The Corner That Held Them is a story of finance, too. And perhaps preeminently it is a story of the running and maintaining of an unimportant convent in 14th century England – an “out-of-the-way place” where the first prioress says “anything or nothing” might happen. The introduction gives another insight: Warner wrote it following “Marxian principles, because I was convinced that if you were going to give an accurate picture of the monastic life, you’d have to put in all their finances; how they made their money, how they dodged about from one thing to another and how very precarious it all was.”
This spirit imbues the whole novel. Warner, an anti-fascist and active member of the Communist Party in England, viewed history – and the novel – as a story not of Great Men, but of small lives accumulating, and most of these lives, women’s. Writing the novel throughout World War II (it was first released in 1948), it must have been difficult to maintain this line. Warner’s commitment to the primacy of the community over the individual in the novel is to her credit. The convent at Oby, filled with women whose lives were seemingly less significant than even their worldly counterparts, is depicted vividly, humorously and even tenderly.
Warner’s rich prose is the ideal window through which to view these lives and to give them life on the page. Of one nun she writes: “A sensation of unmitigable loneliness crushed her spirit. She lived with these women and she would end her days among them; yet she understood them no better than they understood her. There can hardly be intimacy in the cloister: before intimacy can be engendered there must be freedom, the option to approach or move away.” This sense of personal and spiritual exhaustion pervades the novel. A prioress reflects on her religious life (within which she has achieved a high position) by stating that “in the end I shall burn out and another candle will be fixed in my stead.” The limits of history are the limits of these women’s lives.
The physical is attended to as well.

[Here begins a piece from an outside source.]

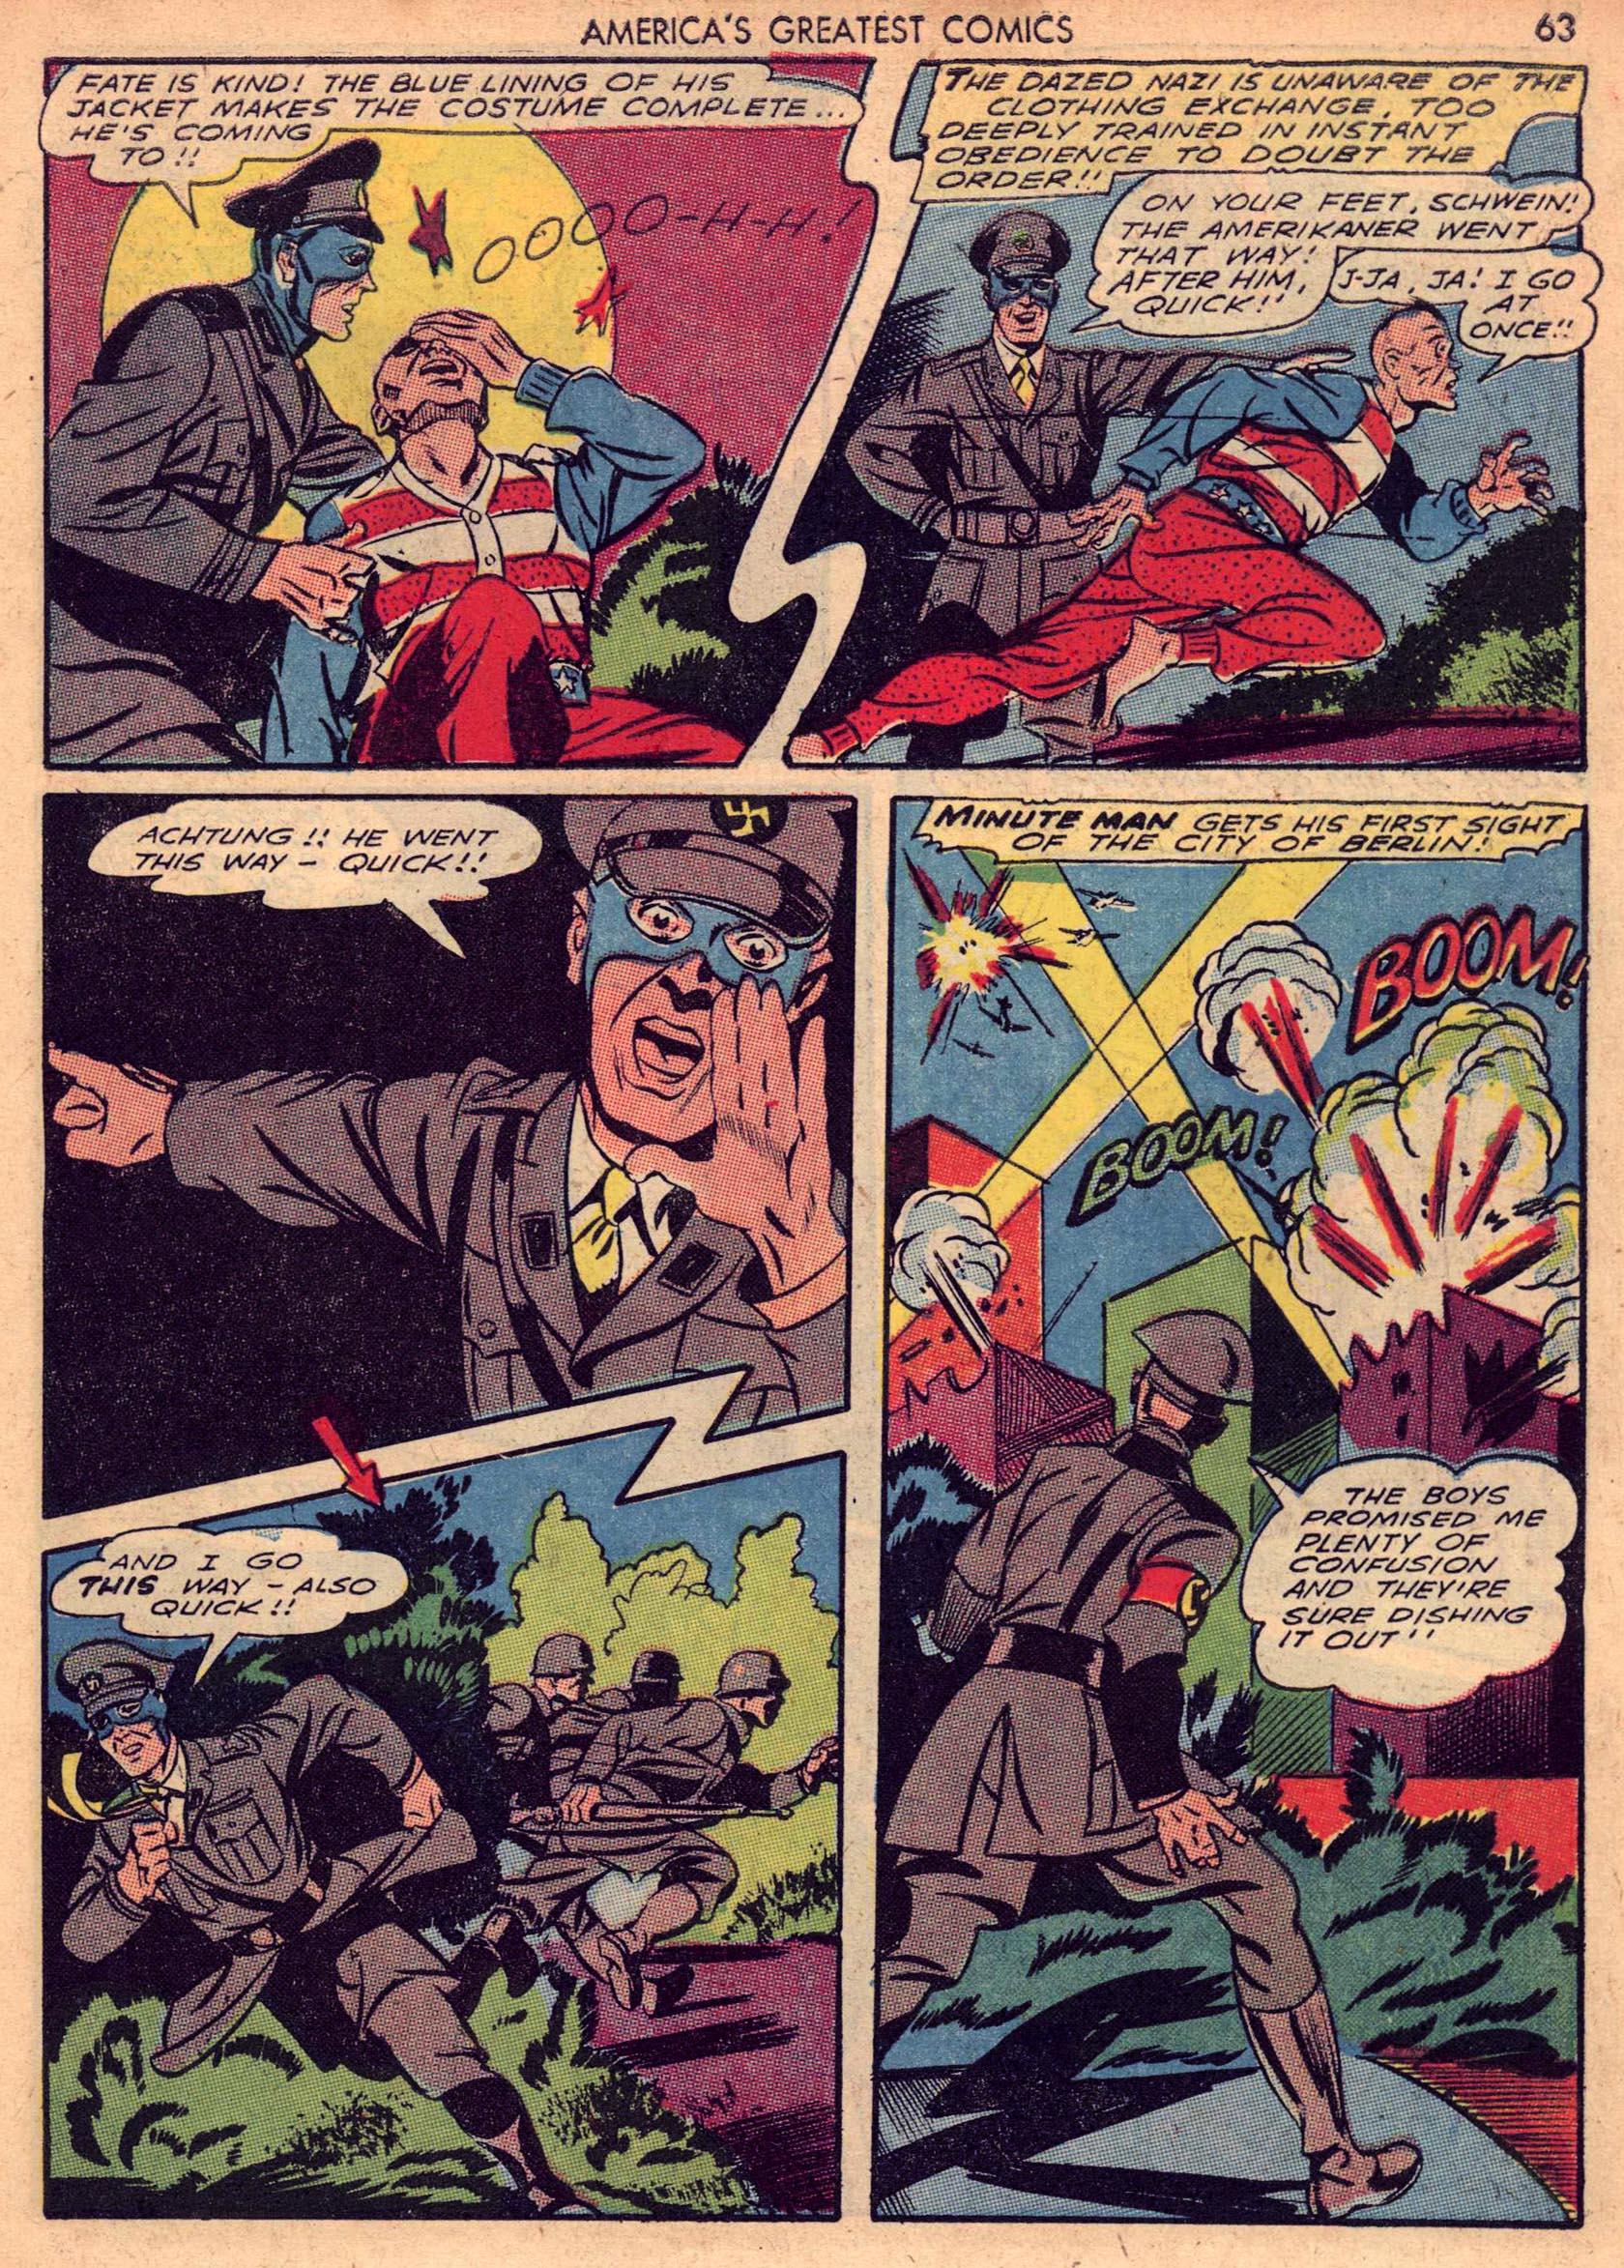 Read online America's Greatest Comics comic -  Issue #7 - 62

One of the great accomplishments of The Corner That Held Them is that in its quest to render the life of a whole community, not lifting one character above another, it replaces individualistic plotting with moments of descriptive clarity, doing justice to these women’s lives by merely telling the truth. “The sunlight fell on the page and lit her scarred face,” Warner writes, bringing the reader in intimate contact with one of the nuns, “and the few light eyelashes stuck in her swollen eyelids. Her hand, moving in the sunlight, displayed all its defects, the toad-skin, the misshapen nails, the look of being ingrained with dirt which overlies unwholesome blood.”

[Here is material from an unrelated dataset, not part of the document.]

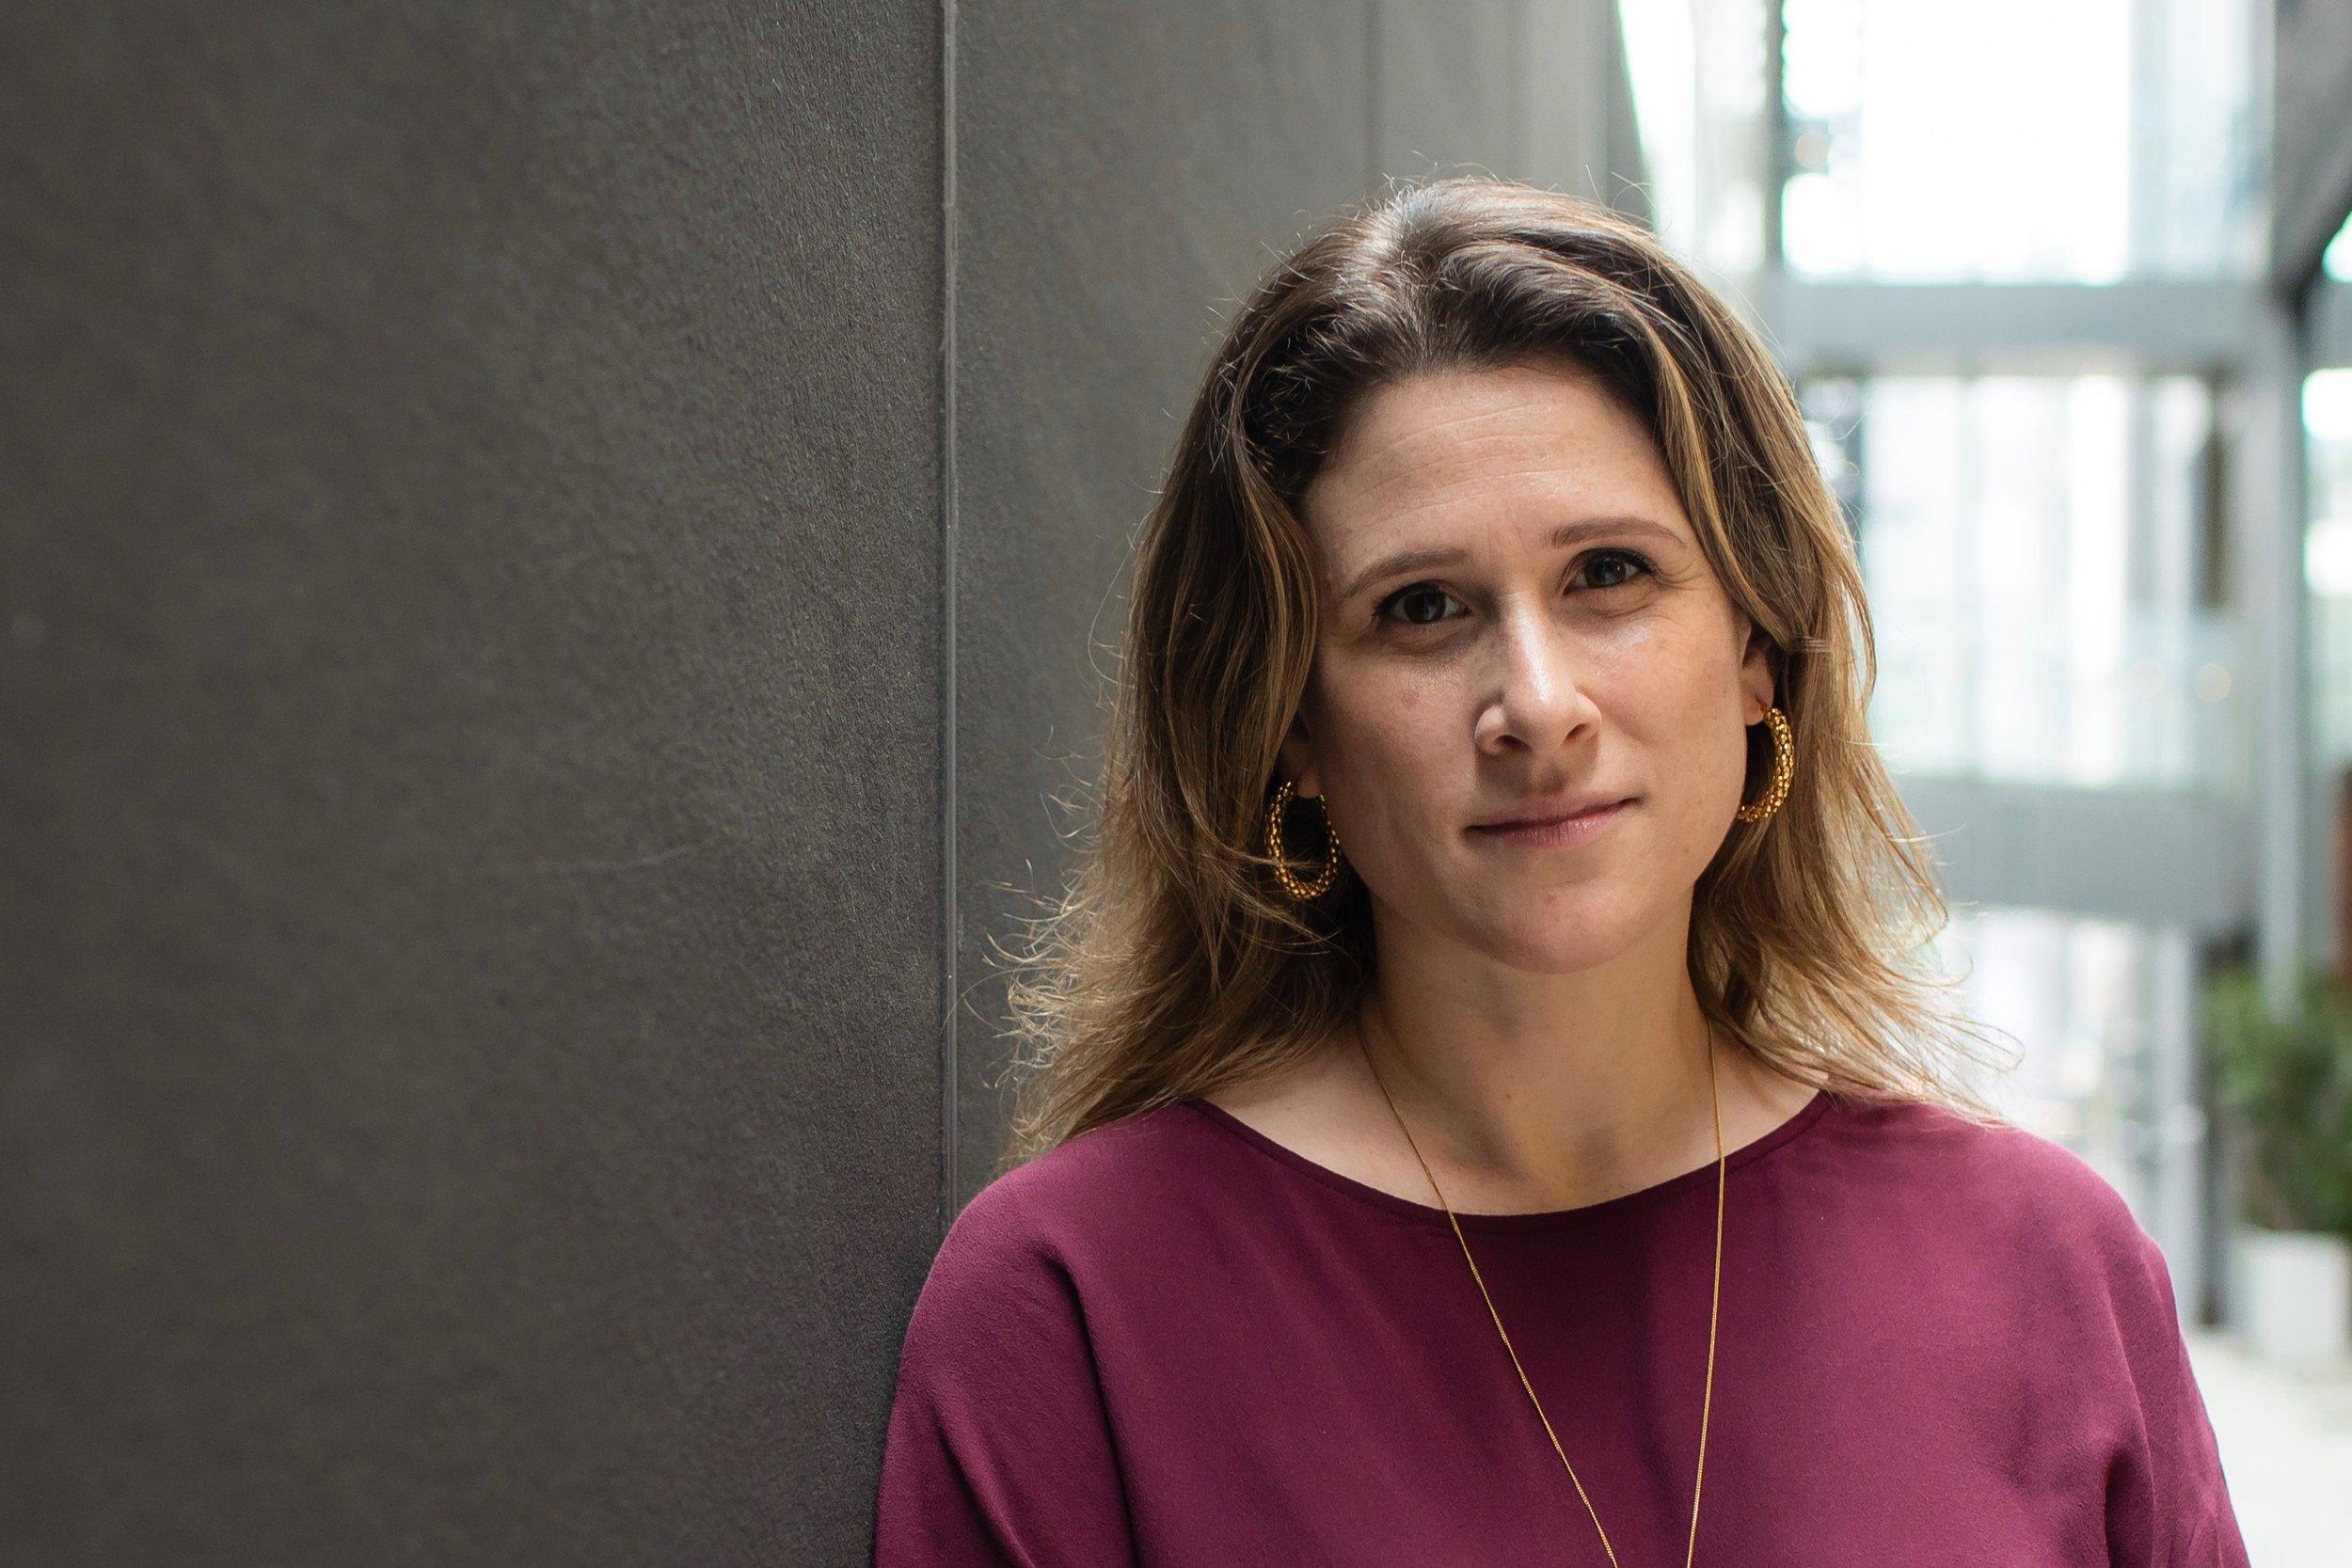 Katherine Fallah, University of Technology Sydney

There are dozens of nuns in the book – Dame Susanna, Dame Alice, Dame Sibilla, etc. – the main timeframe of which spans 33 years (the life of Christ, an arbitrary but meaningful mark of time to these monastics), and while, as a rule, “one monastic must resemble another” Warner gives them each a thread in the tapestry that is differentiated, making the whole all the richer. Disappointment is the lot of many of them, however. After a lifetime of work spent financing a grand spire for the convent, Warner describes Prioress Alicia’s feeling at its completion: “she did not try to hide from herself the sense of anticlimax which accompanied the completion of her spire . . . . It was finished; but ‘over and done with’ was the truer word.”
Anti-climax is the rule in The Corner That Held Them. History happens, but as a tangle of events the importance of which is impossible to state with any certainty. This rendering of time is what brings the entire project together so brilliantly. One character, the son of a de-frocked nun, notes that “it seemed that nothing new ever happened or ever would.” Dame Sibilla, at the end of the novel, says that “there are two truths, perhaps three truths, perhaps a dozen. In any case there is the exact and mortal truth which marches with the living and there is the other truth whose dominion opens out with death.” The first truth is perhaps what causes her to slip quietly away from her life as a nun and embark on a pilgrimage to Jerusalem. The second truth is what Warner is after. And the wall between these truths is death and time. Talking to an aged Sir Ralph, one character asks “I suppose seven years seems no time at all to you?” Warner renders the priest’s response thusly: “‘No time at all,’ said the old man airily. ‘Some deaths, of course. Some births. Lambs, and so forth.’” Same as it ever was.
With The Corner That Held Them, Warner wrote a novel about what it felt like to live in the 14th century, and in doing so wrote a novel about what it feels like to live at all. It is difficult to imagine a higher accomplishment for a novelist.